Method: Clinical data were collected retrospectively on 22 TA patients over an 11-year period. Data collected included the presence of lupus anticoagulant (LA) and immunoglobulin (Ig)G and IgM anticardiolipin antibody (aCL) titres. Adverse clinical outcomes included cerebrovascular accident (CVA), transient ischaemic attack (TIA), loss of vision, vascular lesions (carotid, femoral, renal, coronary, or other vessels) requiring stenting, angioplasty, or other surgical intervention, aortic valve replacement, end-stage renal failure or death.
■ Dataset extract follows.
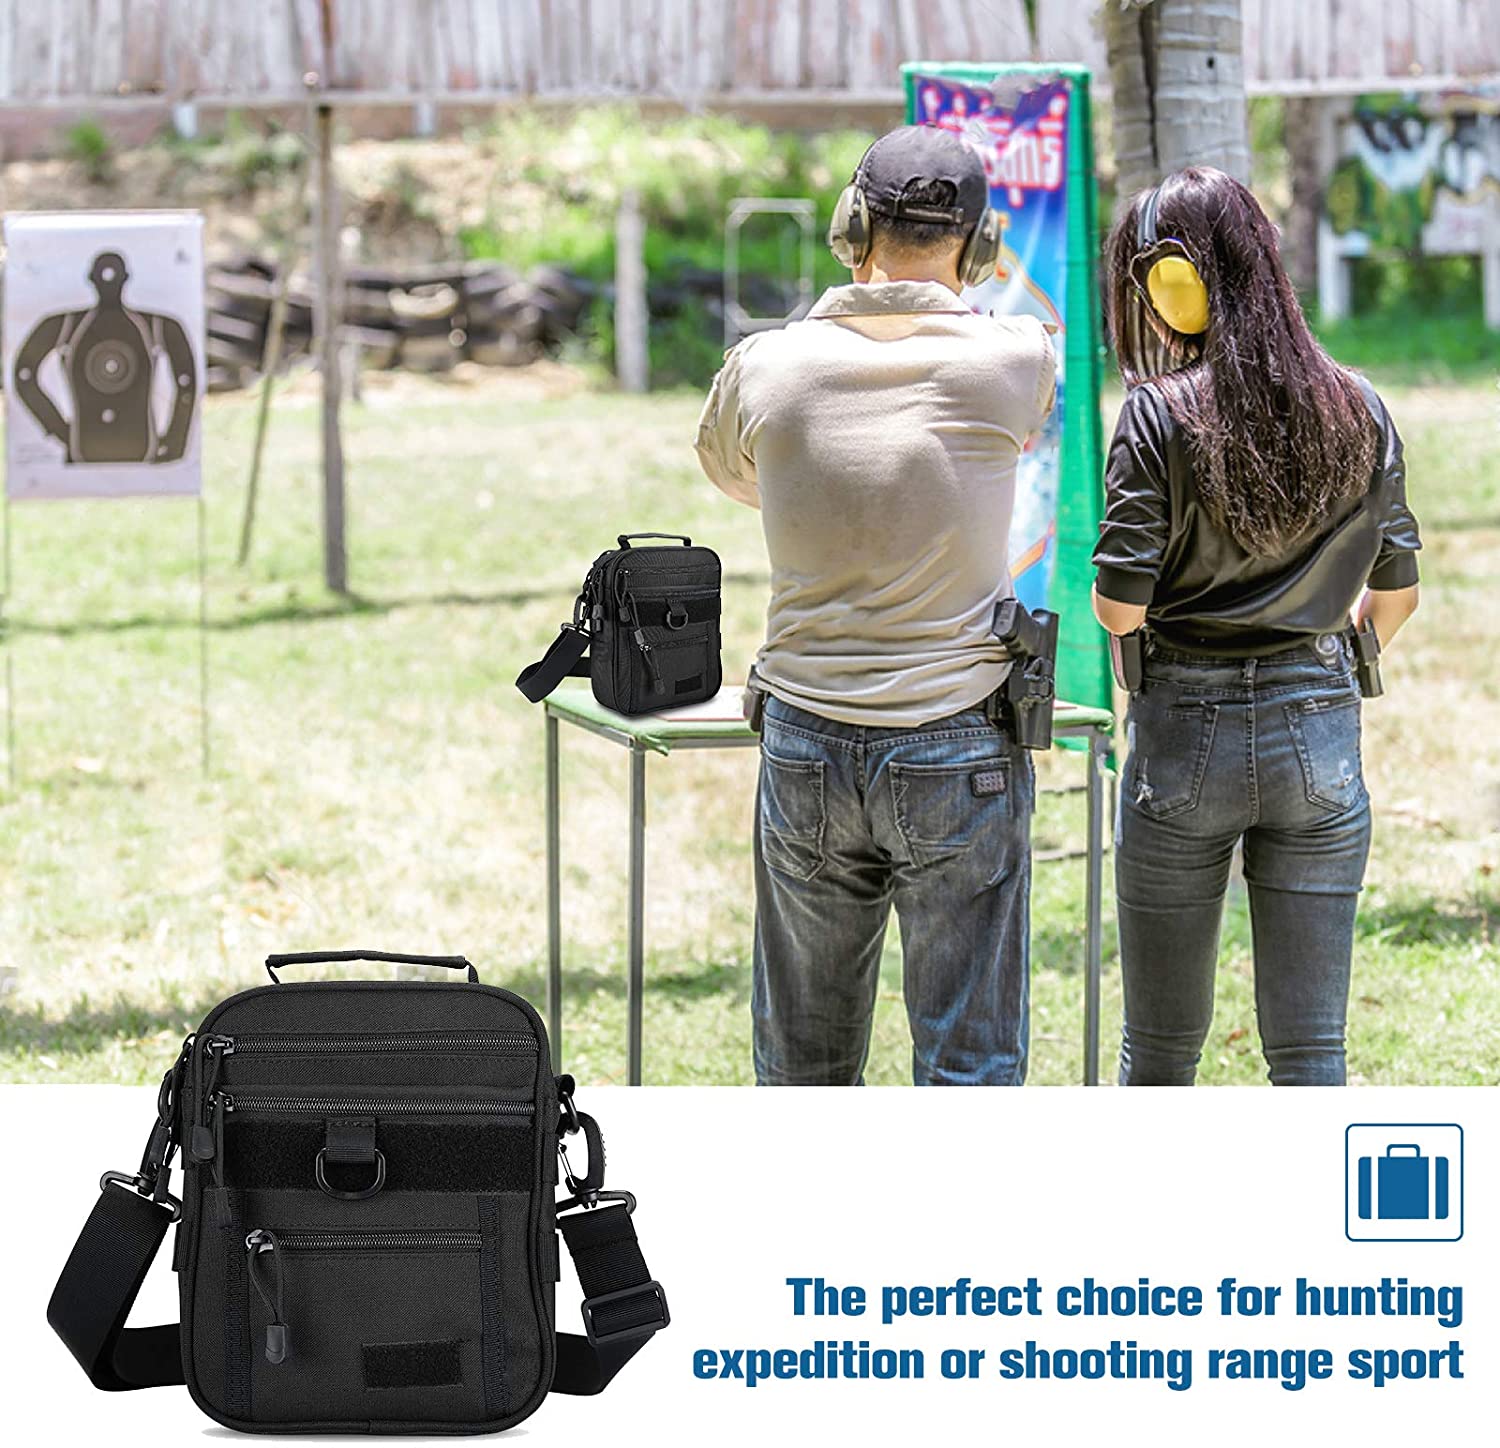 HR-5 Hunting range bag1
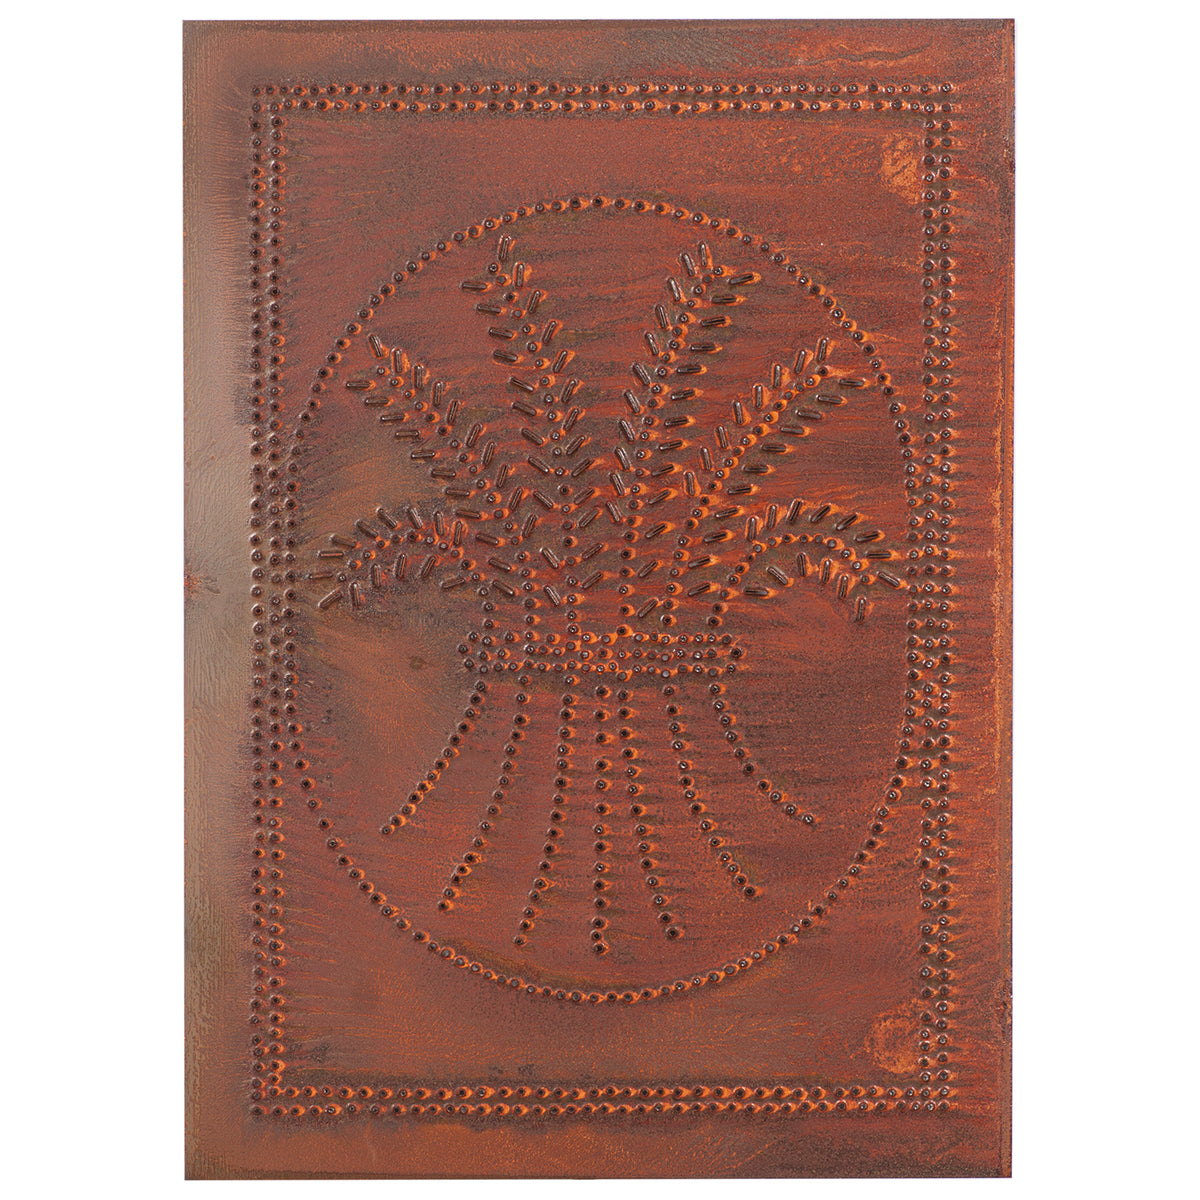 Vertical Wheat Panel in Rustic Tin

Results: Persistently positive aPL or a concurrent diagnosis of antiphospholipid syndrome (APS) was found in 45% (n = 10) of TA patients while 55% (n = 12) had TA alone. LA was present in a significant proportion of TA patients with aPL (p = 0.002). Vascular complications occurred in 70% (n = 7) of TA patients with aPL and in 25% (n = 3) of TA patients without aPL (p = 0.035). LA was associated with a higher prevalence of vascular complications.
Conclusions: Persistently positive aPL are present in a significant proportion of TA patients. This study shows that vascular complications and need for intervention are more prevalent in TA patients with aPL, particularly those with LA. Prospective studies are needed to determine the long term prognosis in such patients.